§ **Task description**:
Return the listing exactly. Keep no pictures.
(Raw data begins)
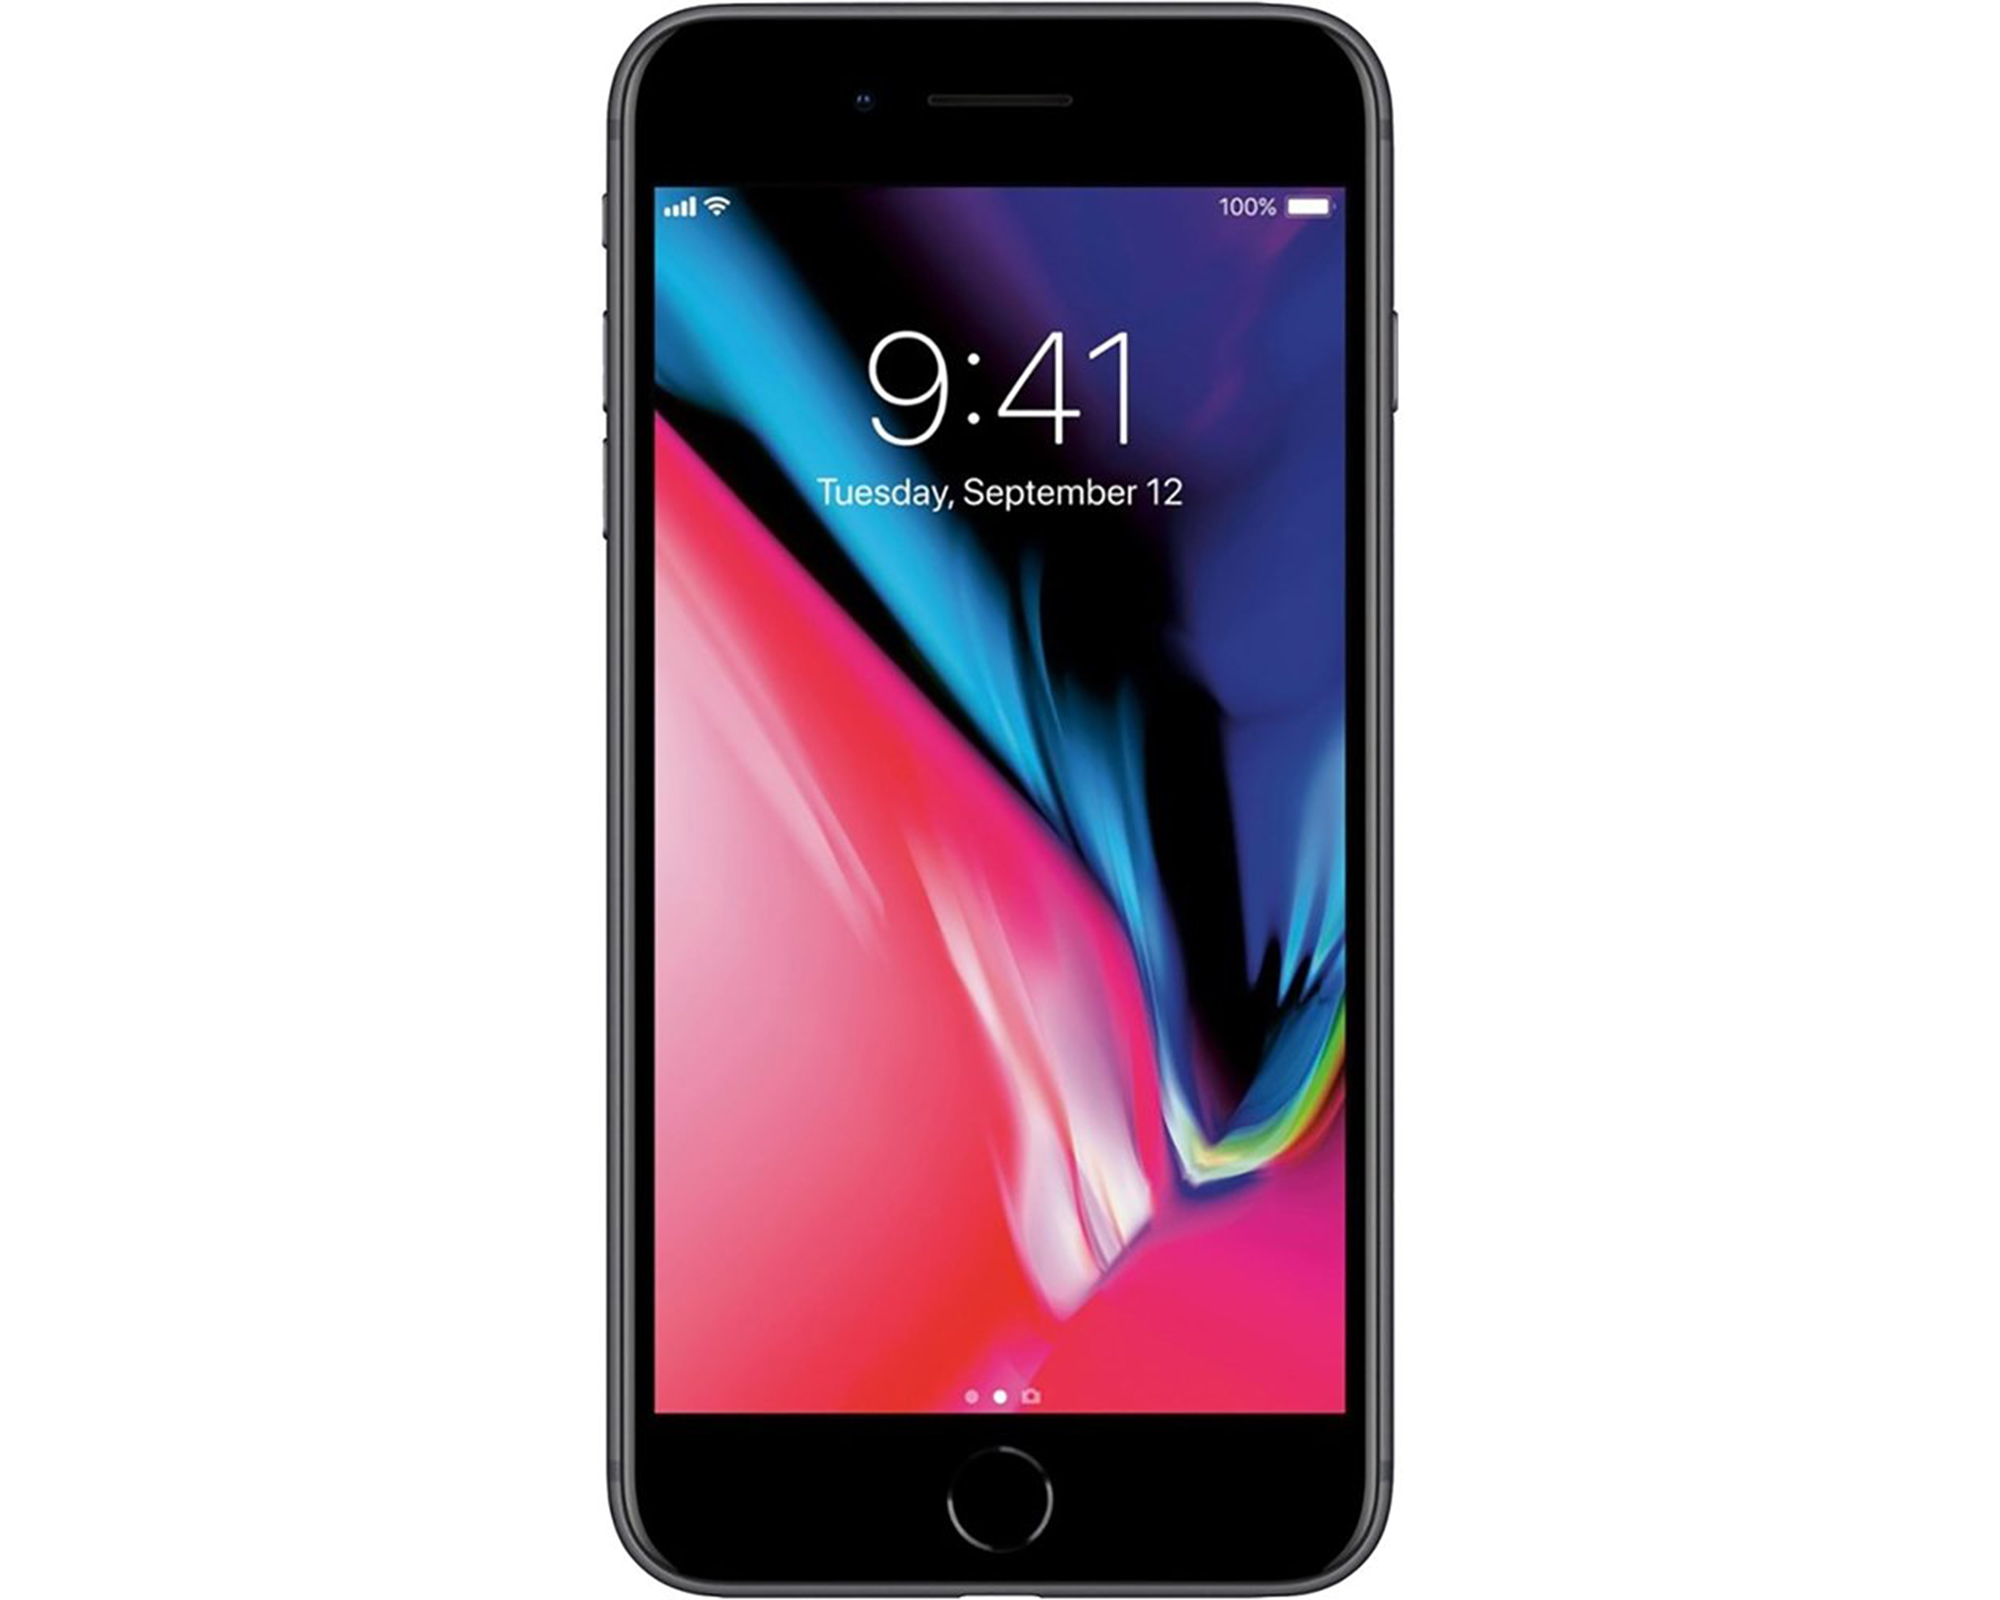 Restored Apple iPhone 8 Plus 64GB, Space Gray - Unlocked GSM (Refurbished) - image 1 of 5
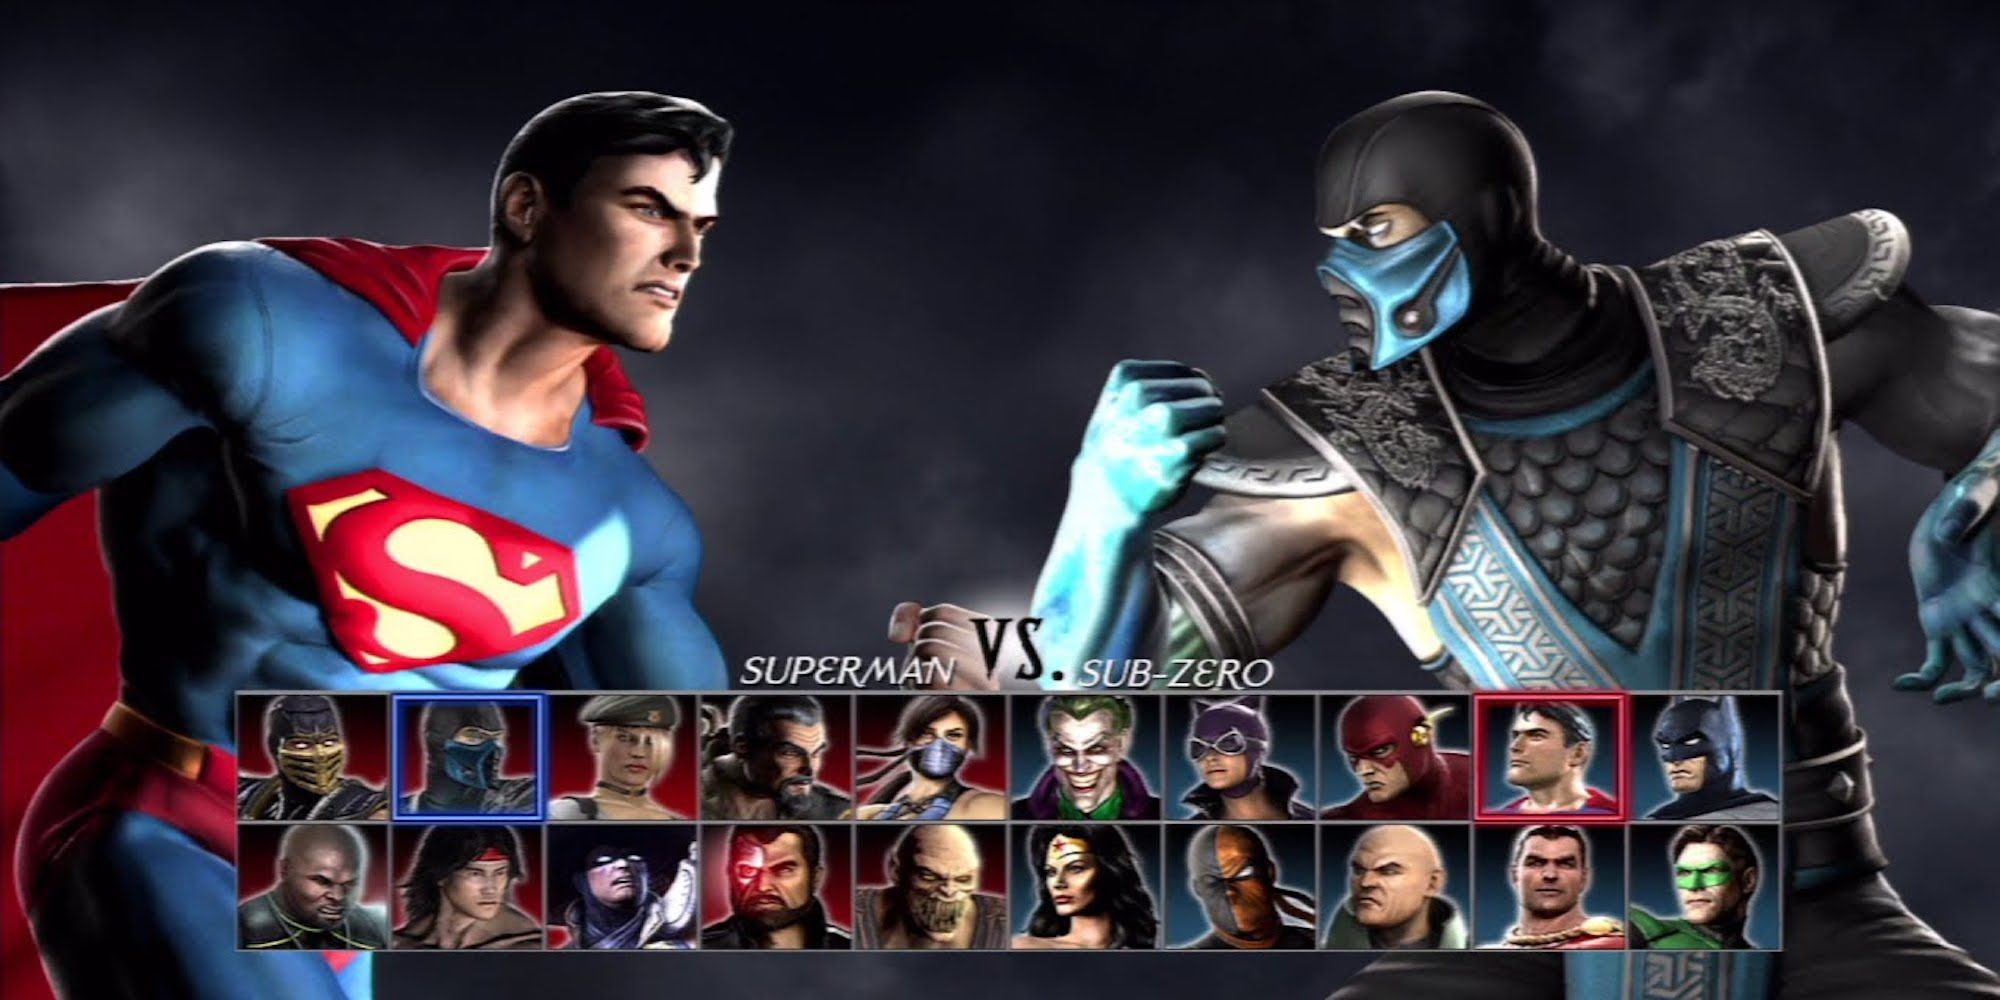 The character select screen in Mortal Kombat vs DC Universe
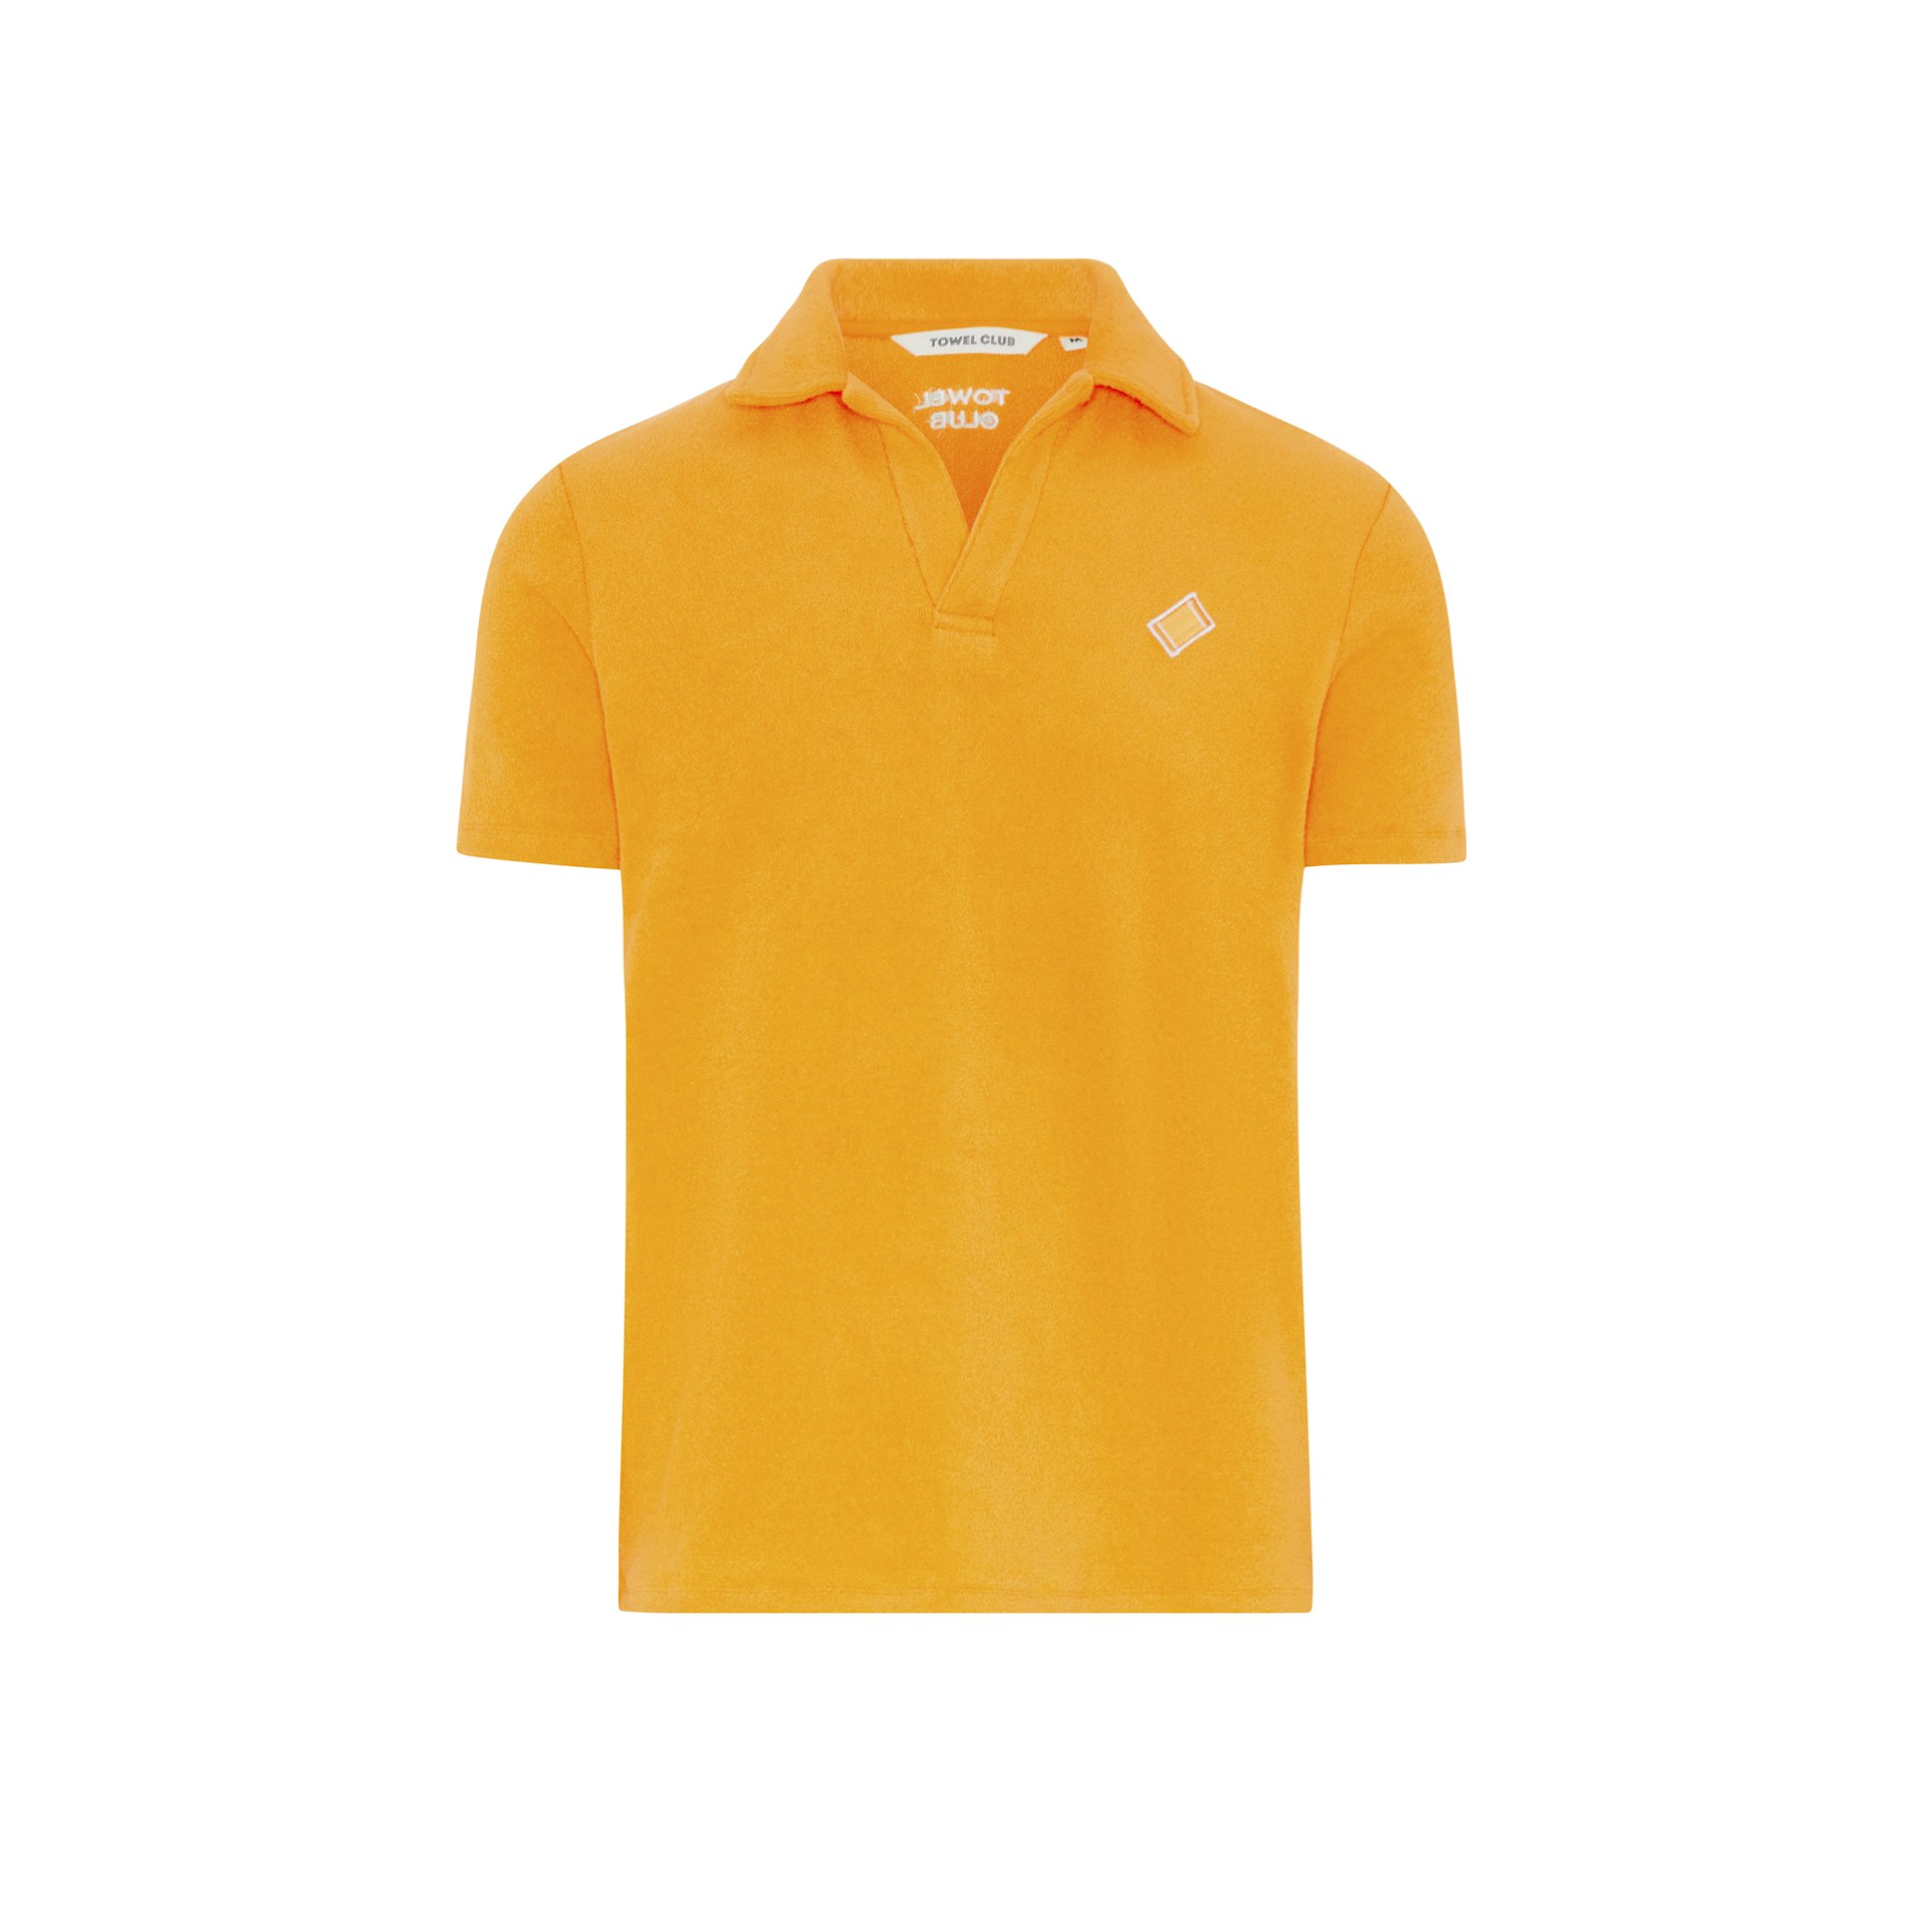 Towel Club Piquet Shirt Orange
(Raw data ends)
§ **Response**:
 Restored Apple iPhone 8 Plus 64GB, Space Gray - Unlocked GSM (Refurbished) - image 1 of 5
 The character select screen in Mortal Kombat vs DC Universe
 Towel Club Piquet Shirt Orange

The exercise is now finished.